» What is expected: Each line below should be repeated exactly, but no picture should be carried over.

Segment Start: Data shown

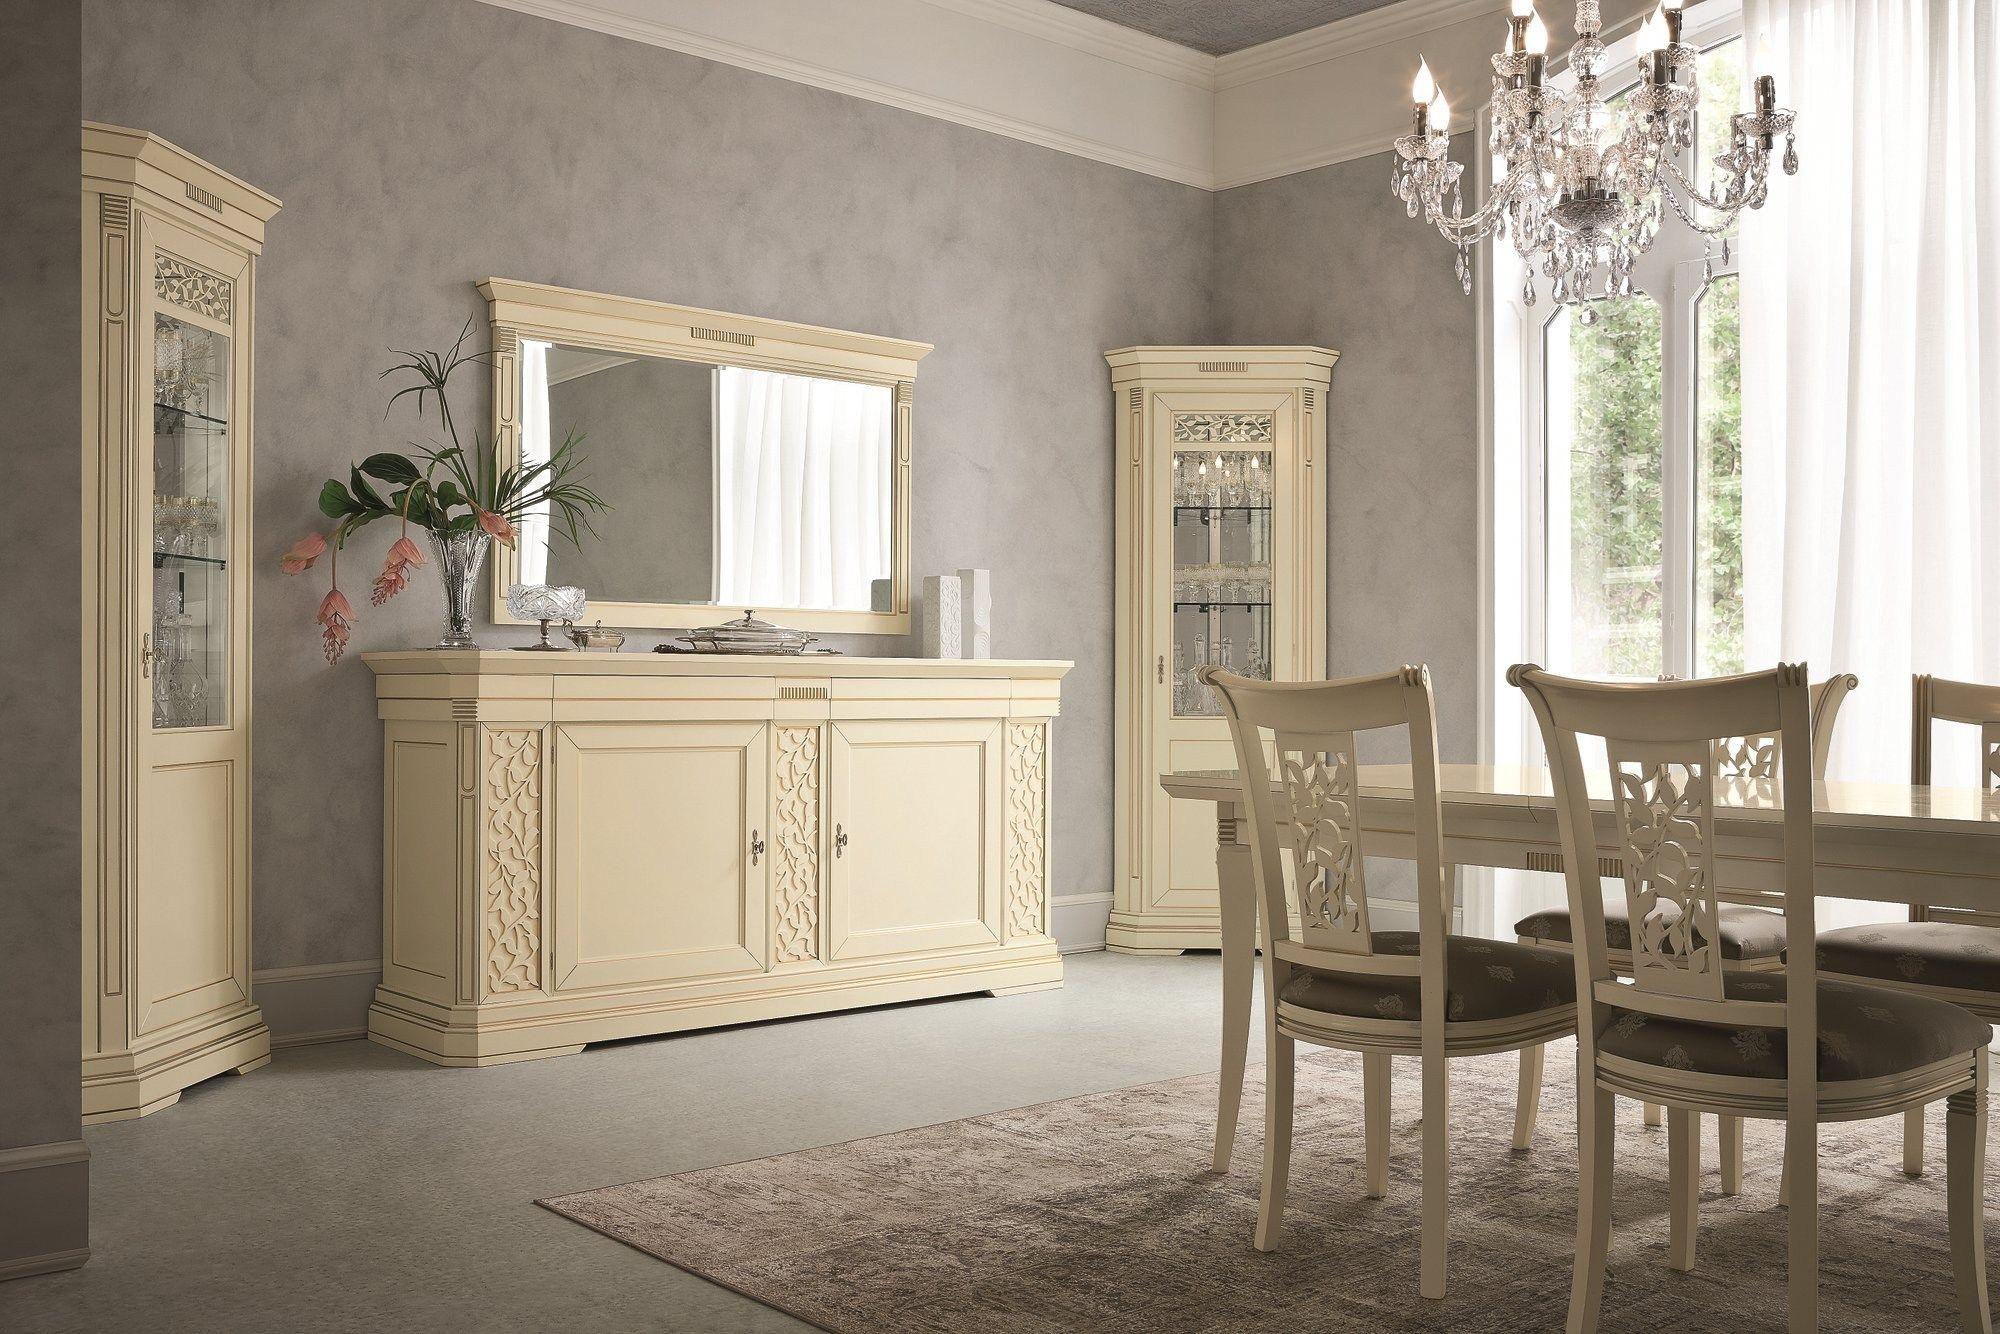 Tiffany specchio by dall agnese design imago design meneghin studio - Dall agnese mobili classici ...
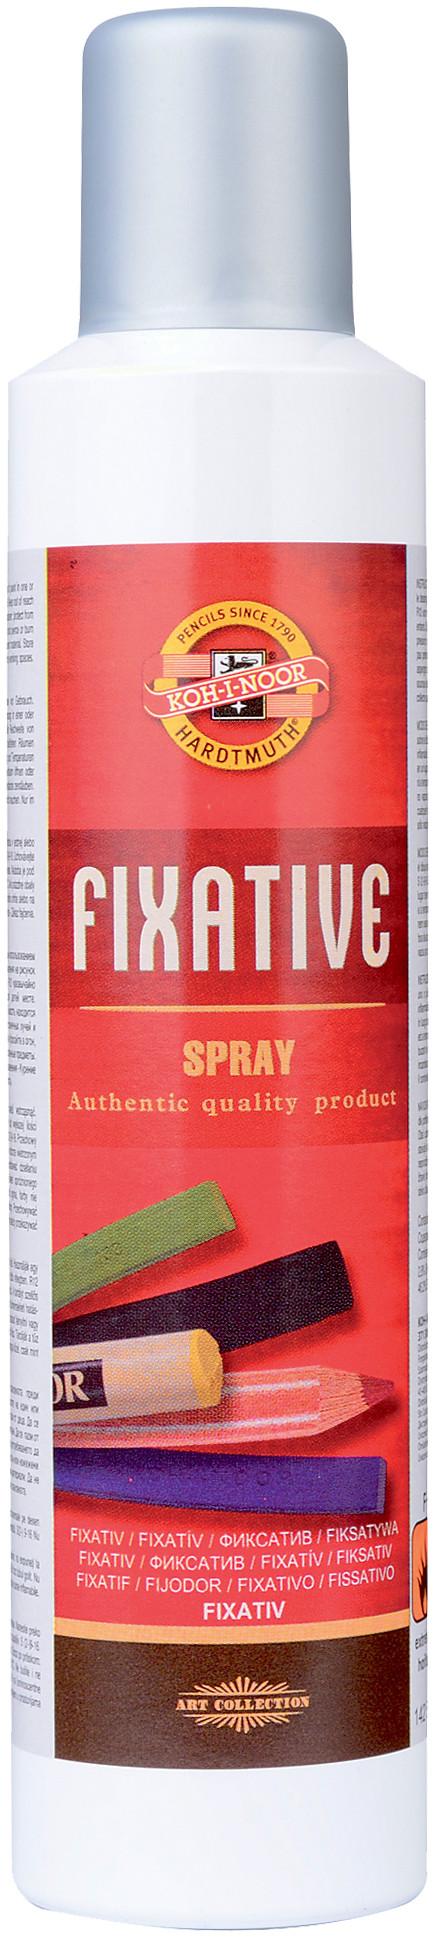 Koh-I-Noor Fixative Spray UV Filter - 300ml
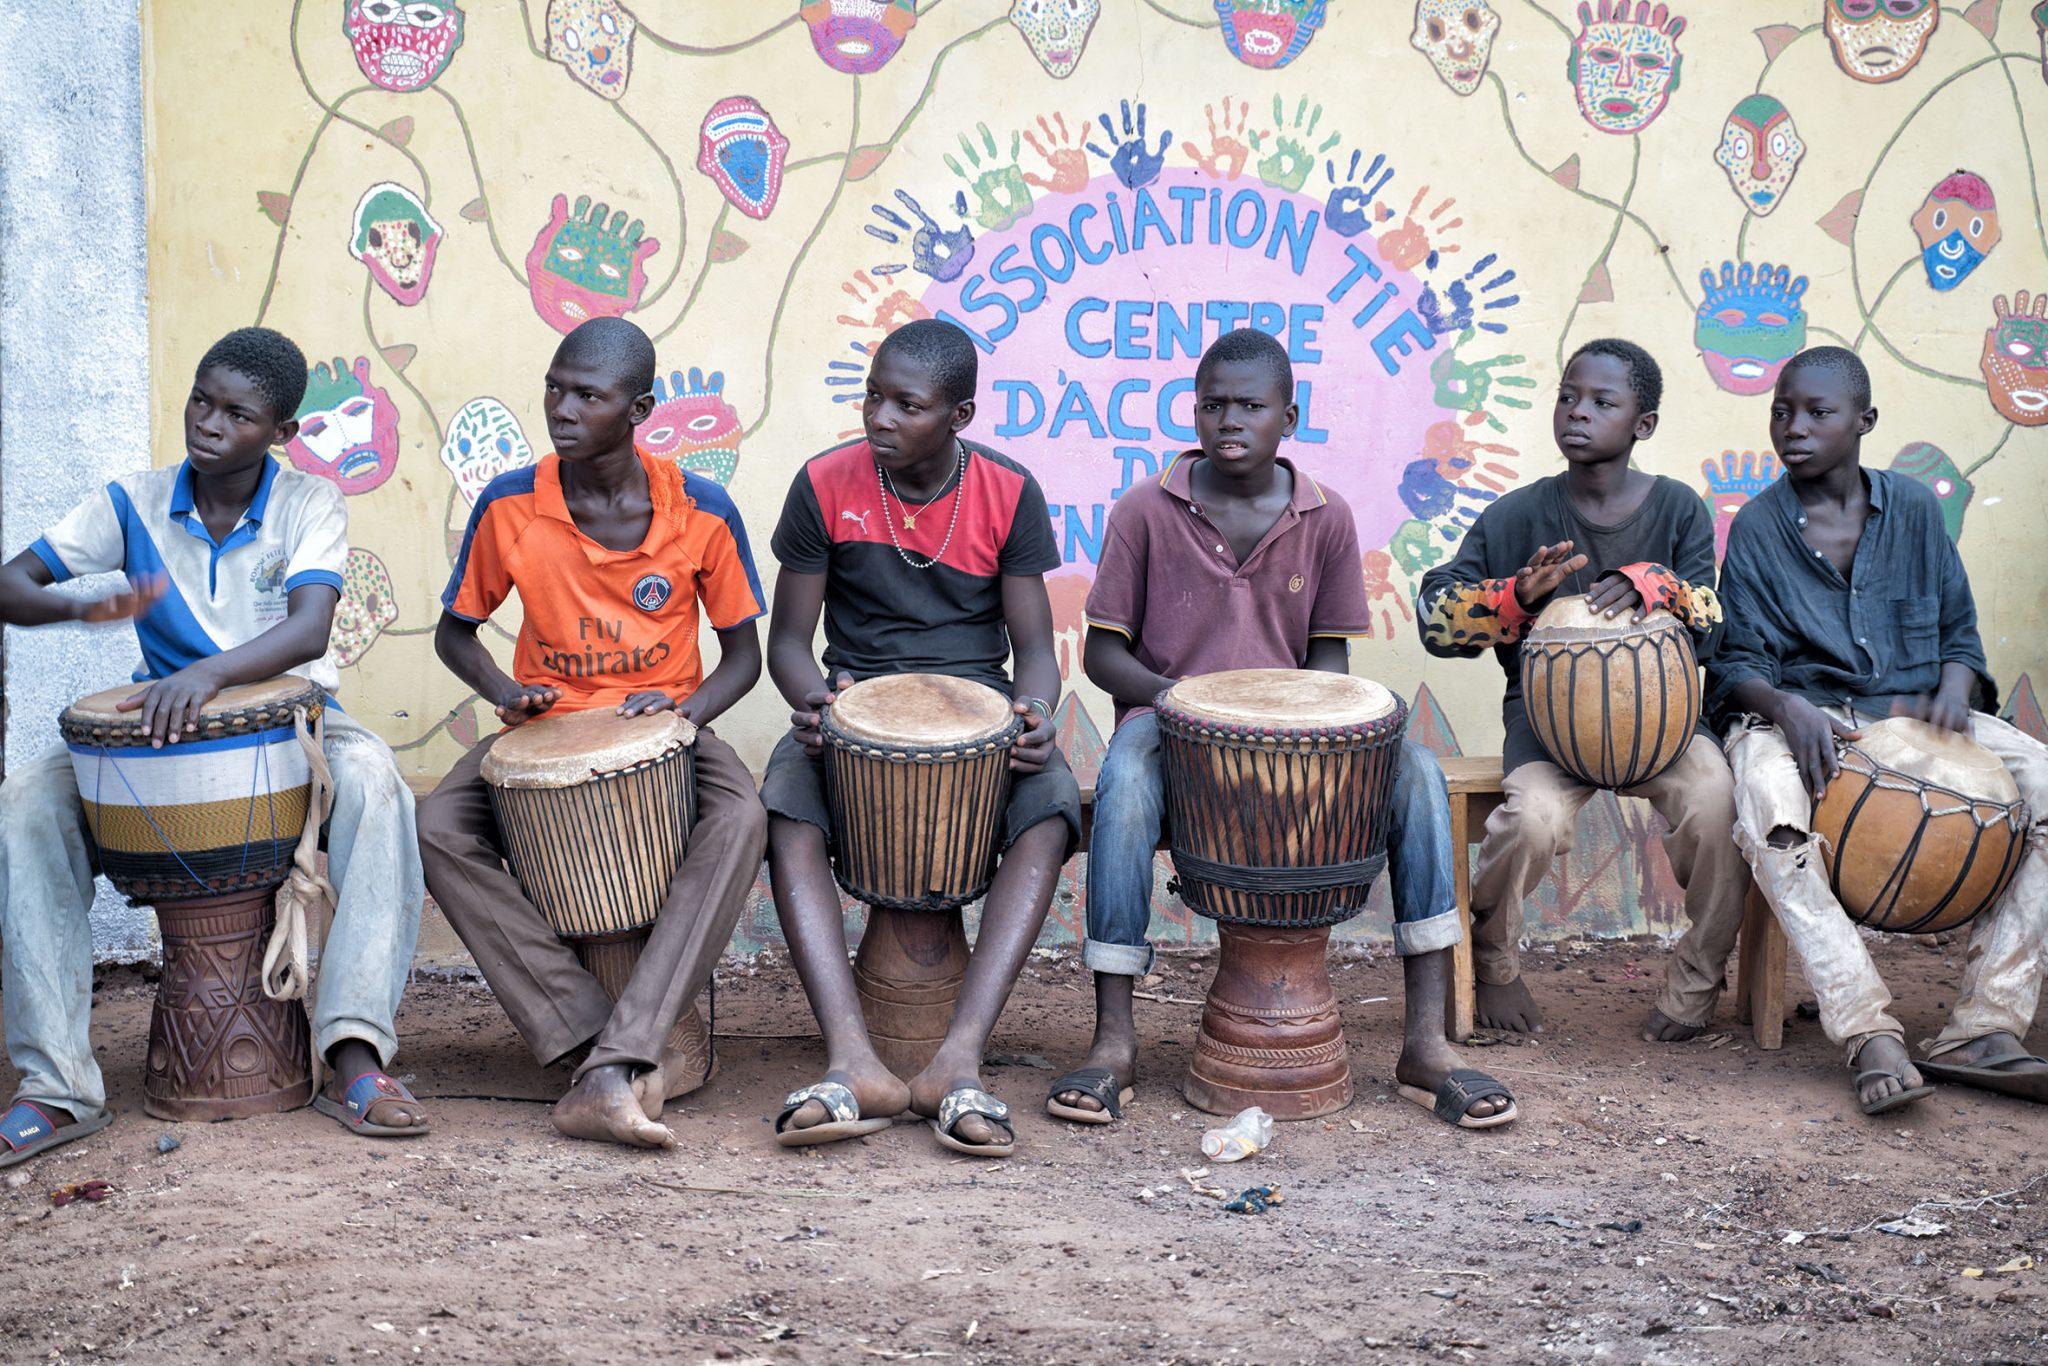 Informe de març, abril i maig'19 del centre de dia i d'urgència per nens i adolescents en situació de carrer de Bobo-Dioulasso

Segment End: Data shown

» Expected output:
 Tiffany specchio by dall agnese design imago design meneghin studio - Dall agnese mobili classici ...
 Koh-I-Noor Fixative Spray UV Filter - 300ml
 Informe de març, abril i maig'19 del centre de dia i d'urgència per nens i adolescents en situació de carrer de Bobo-Dioulasso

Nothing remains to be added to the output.